» **Exercise objective**
Pictures stay out; please output the remaining data exactly.

» **Given material**
::::

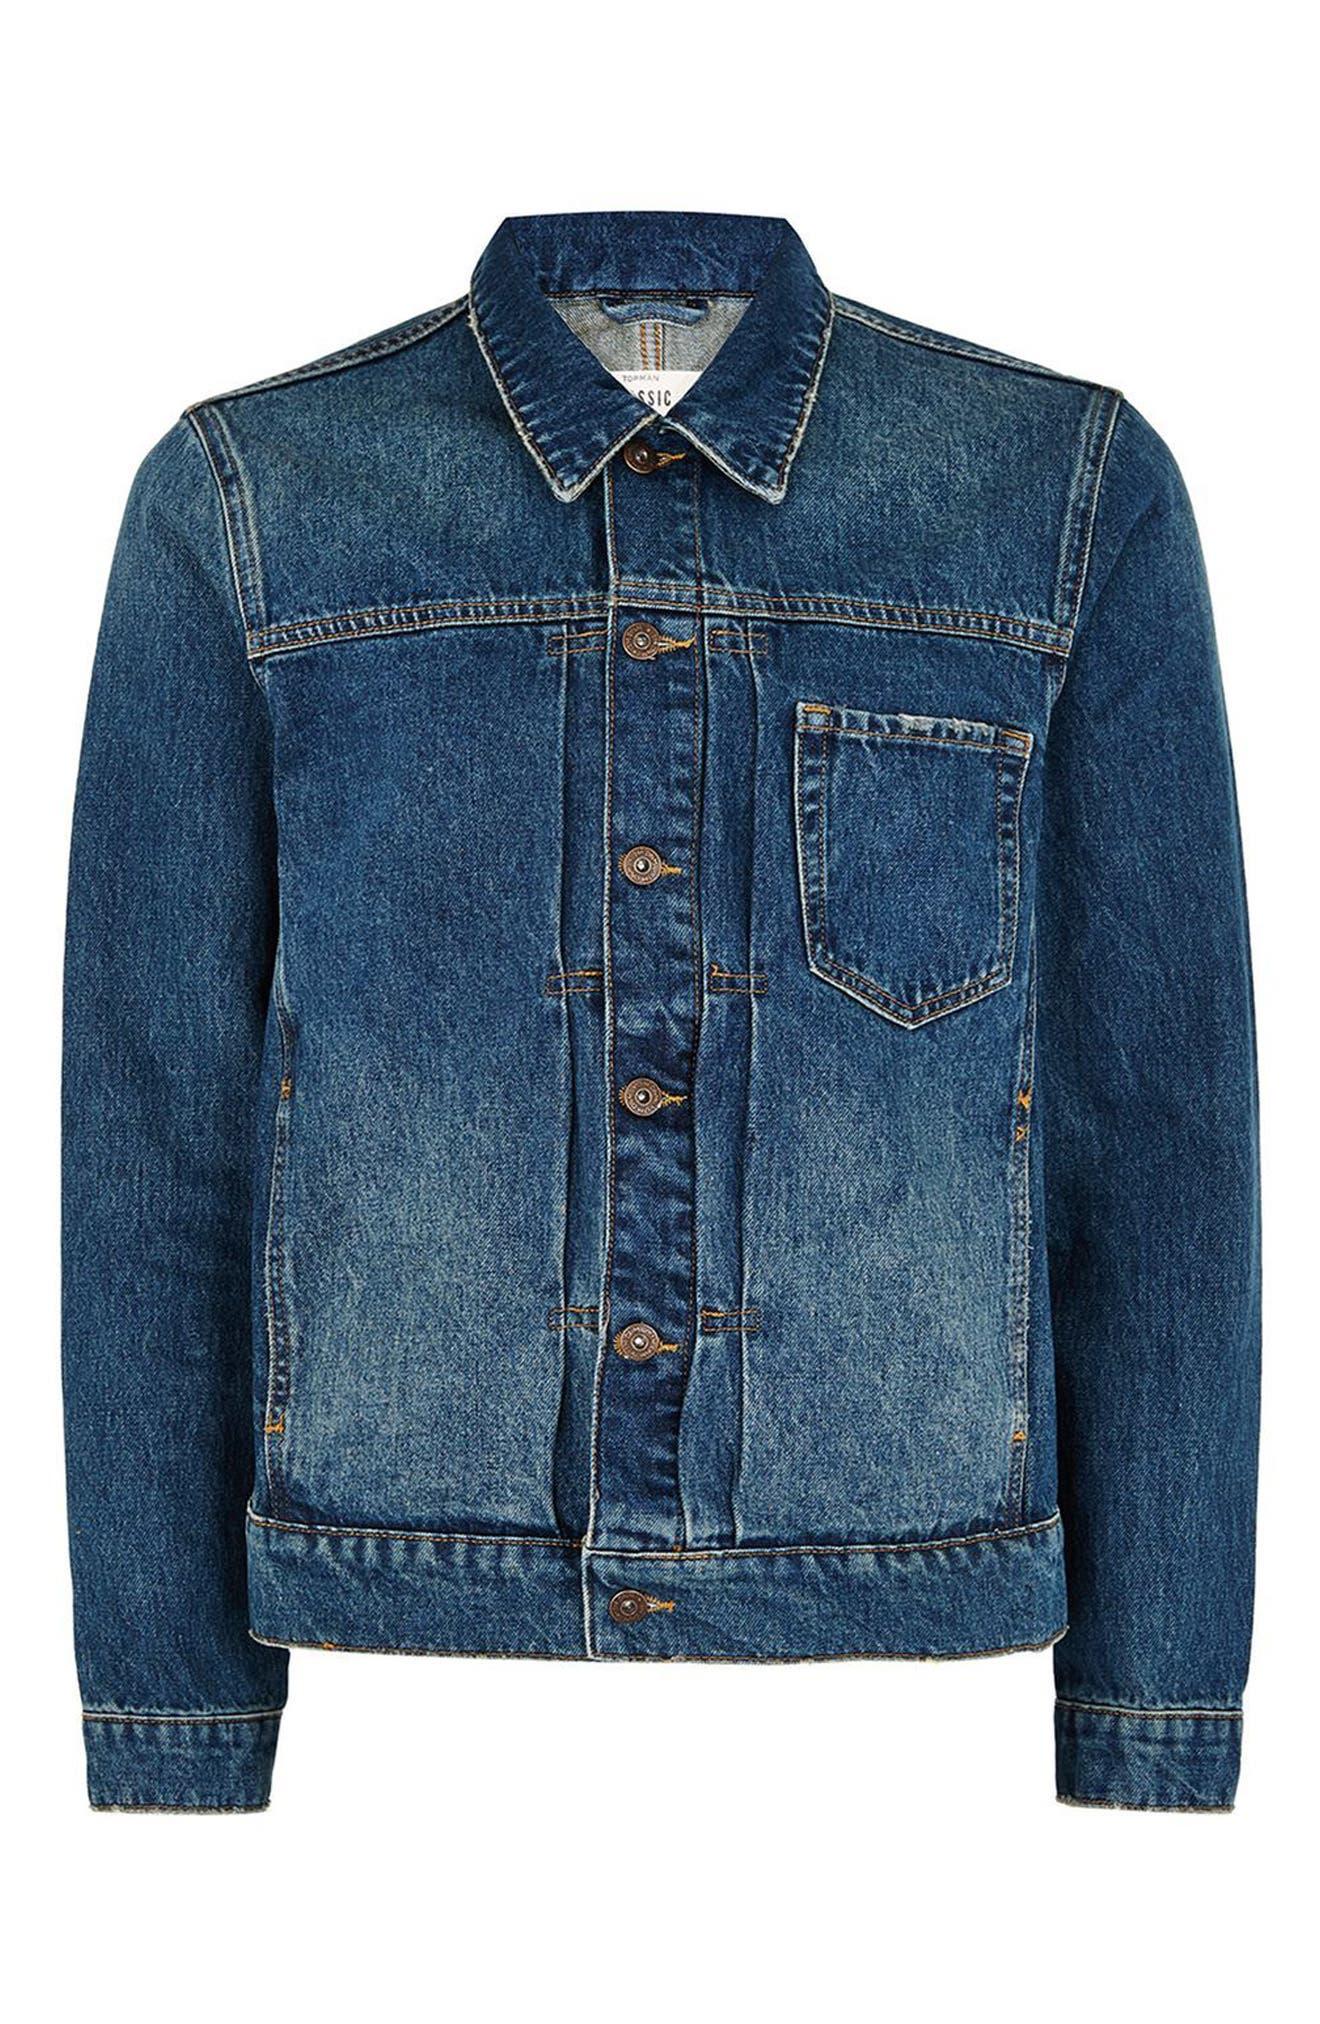 Cinch Back Denim Jacket,                             Alternate thumbnail 4, color,                             Mid Blue
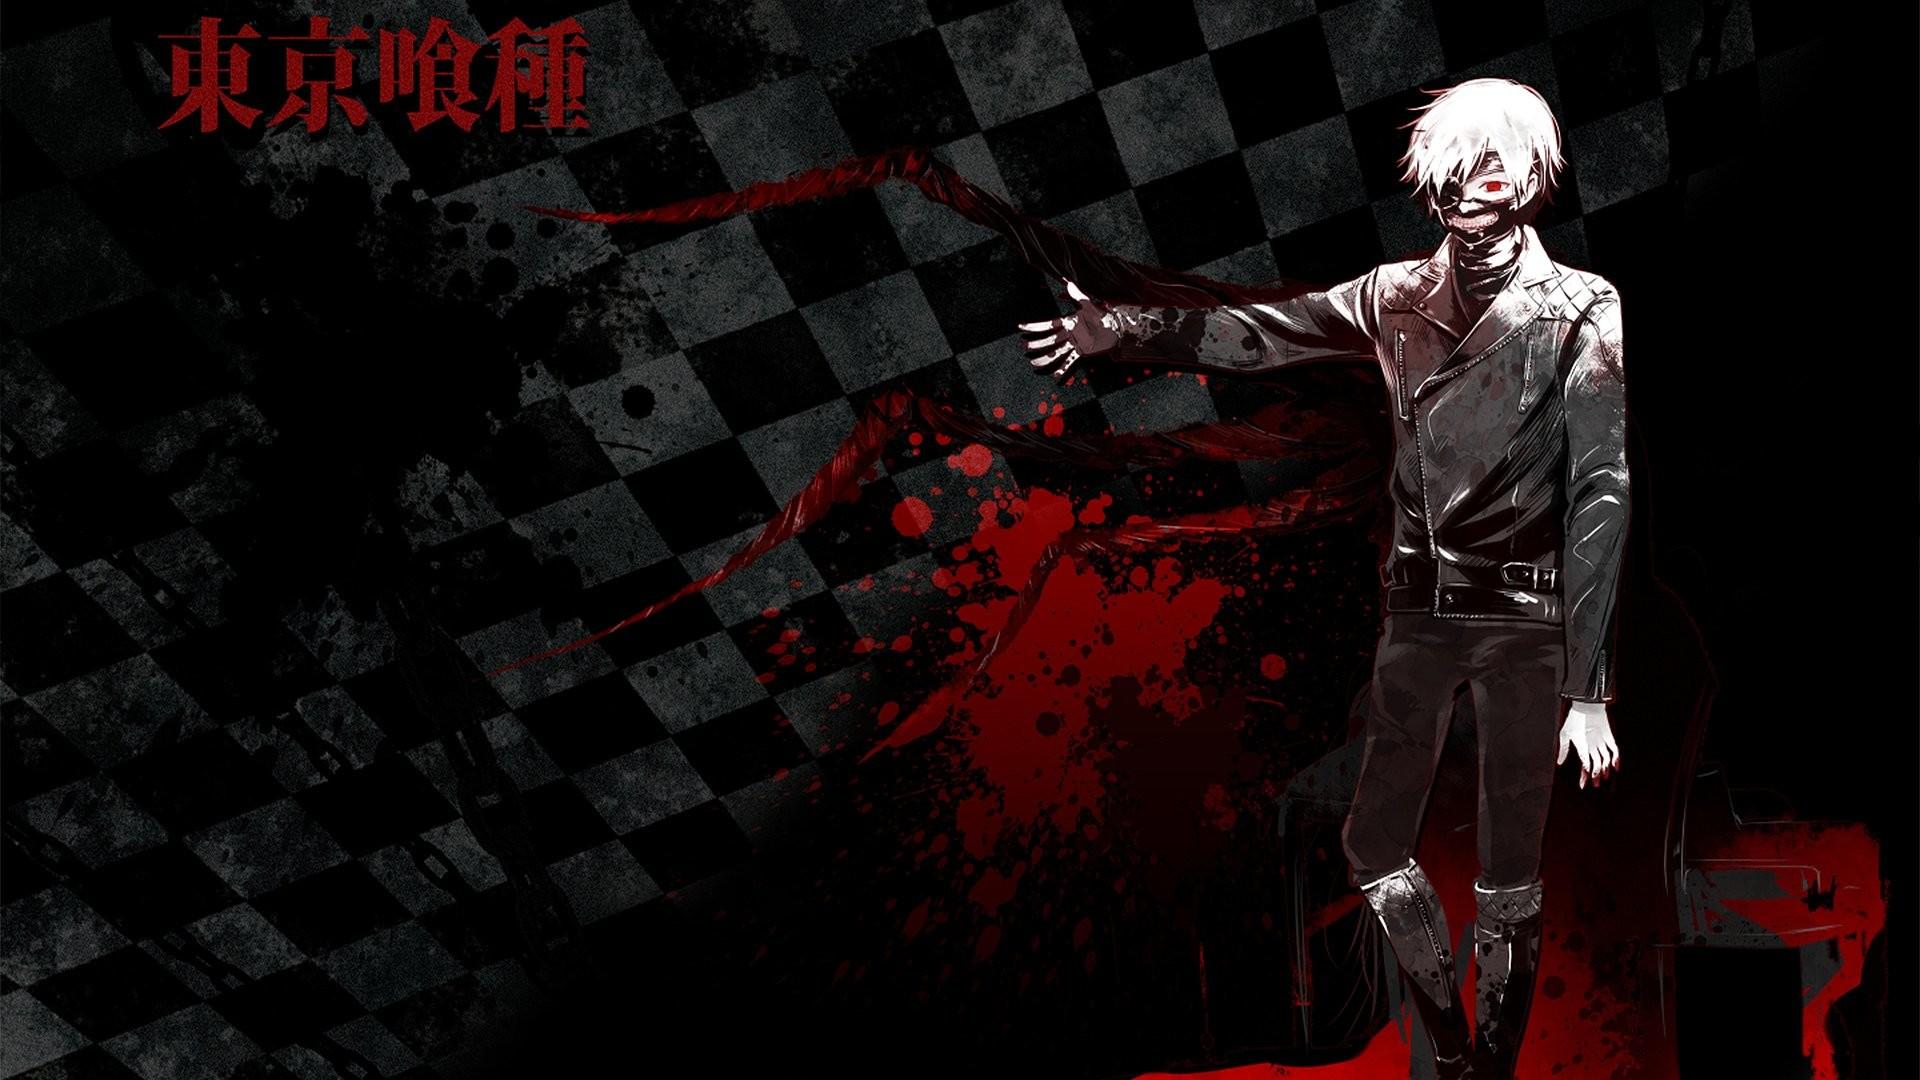 Tokyo Ghoul Wallpaper Hd 74 Images
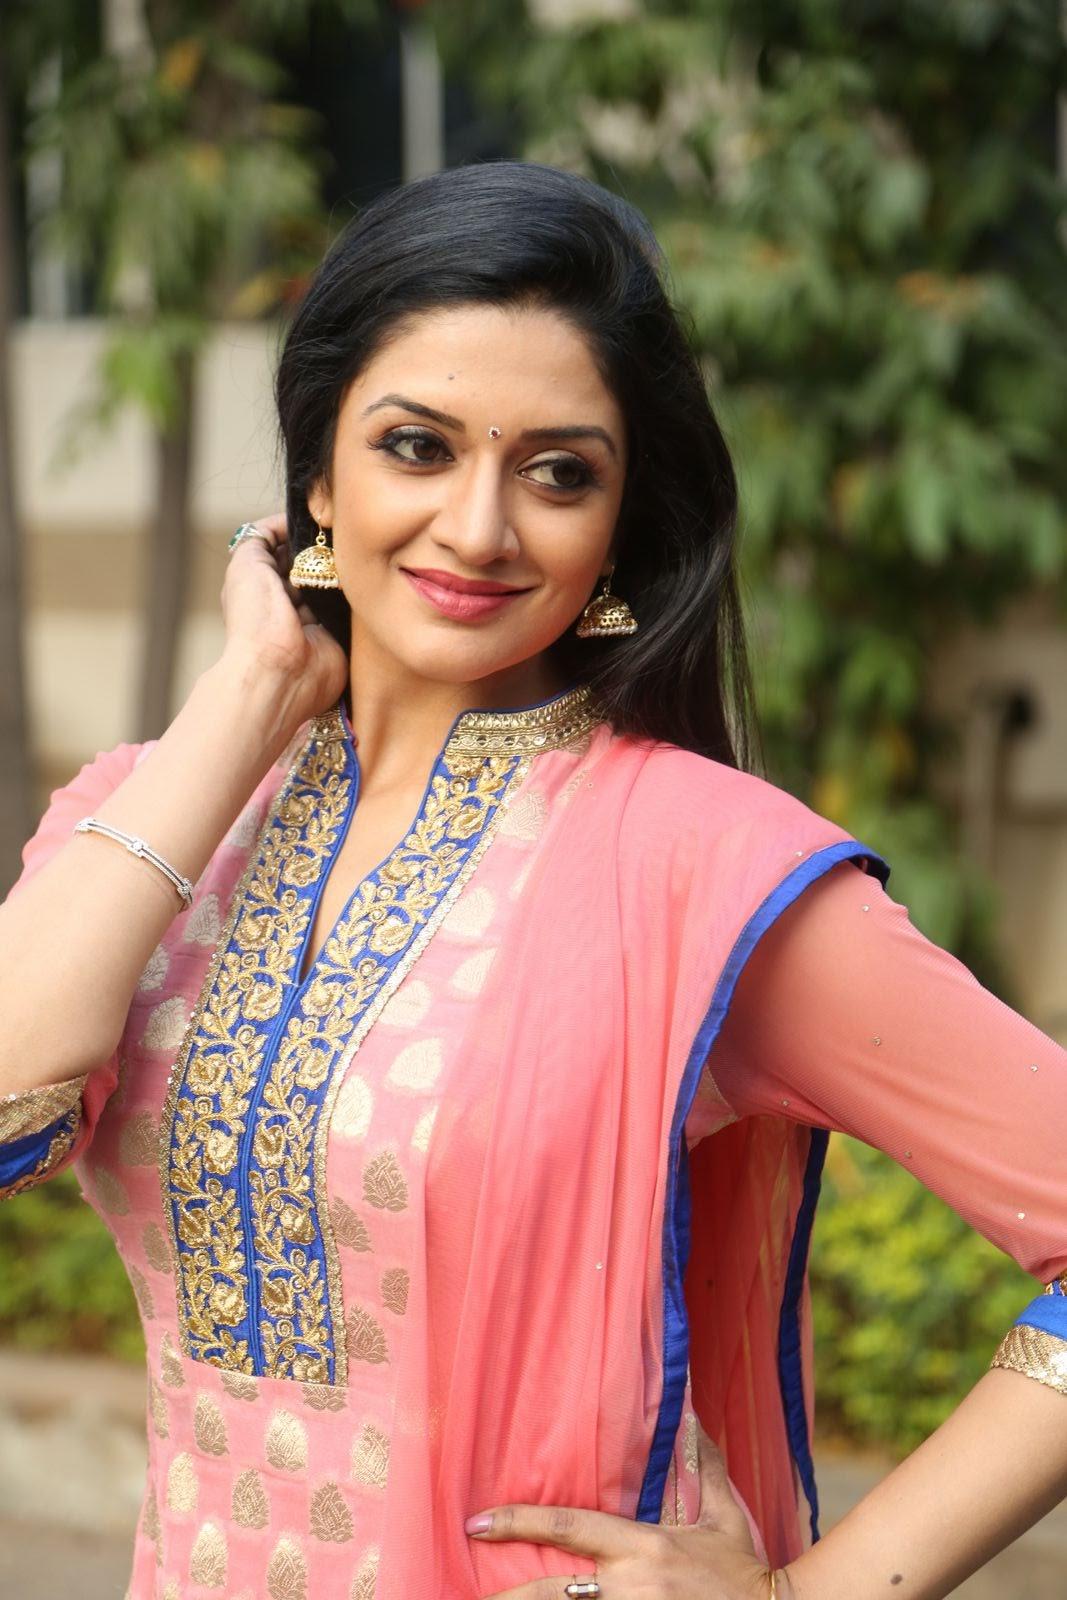 tags vimala new photos vimala vimala stills vimala photos vimala gallery vimala latest stills vimala new gallery vimala actress vimala heroine
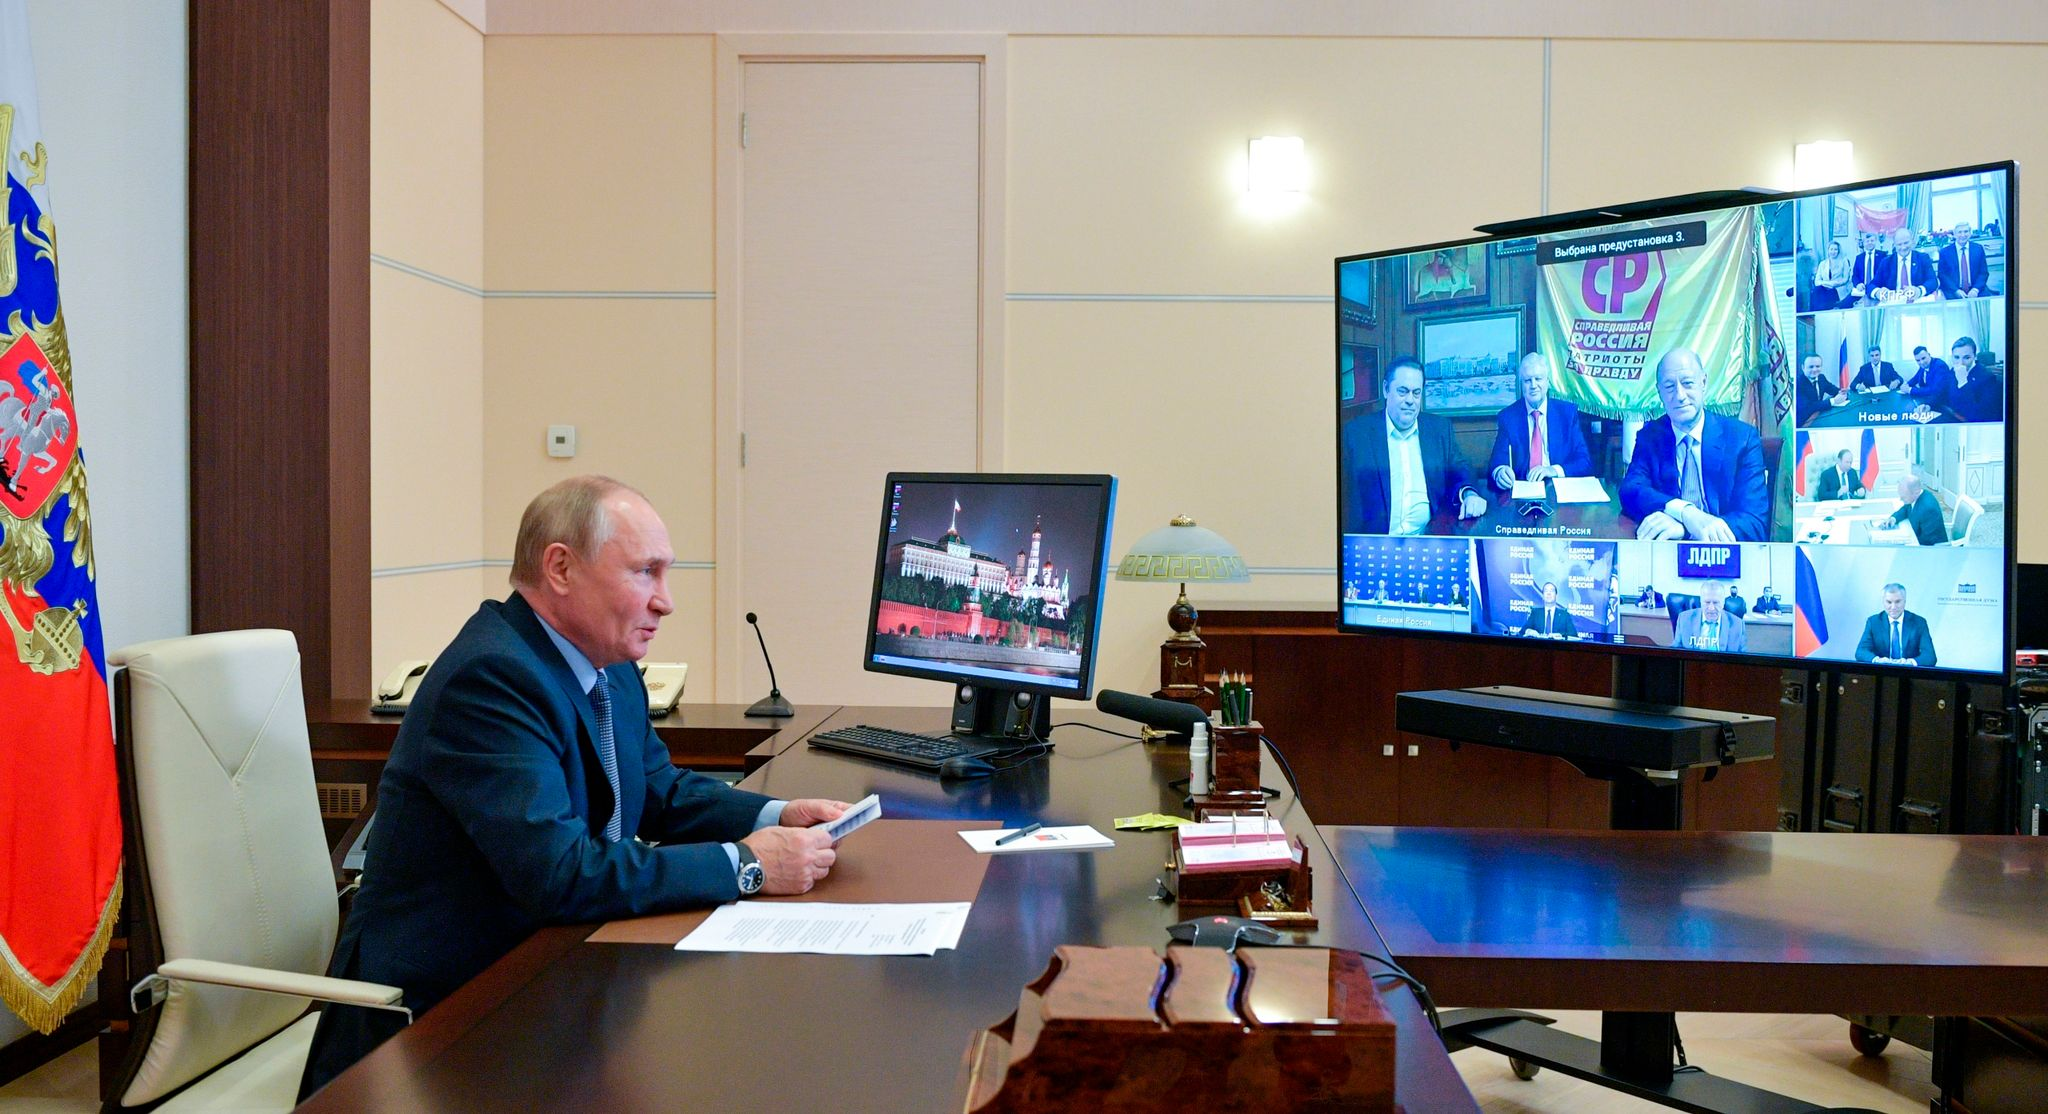 Putin lobt faire Dumawahl - Hunderte protestieren in Moskau

::::

» **Solution to the exercise**
 Cinch Back Denim Jacket,                             Alternate thumbnail 4, color,                             Mid Blue
 Tokyo Ghoul Wallpaper Hd 74 Images
 tags vimala new photos vimala vimala stills vimala photos vimala gallery vimala latest stills vimala new gallery vimala actress vimala heroine
 Putin lobt faire Dumawahl - Hunderte protestieren in Moskau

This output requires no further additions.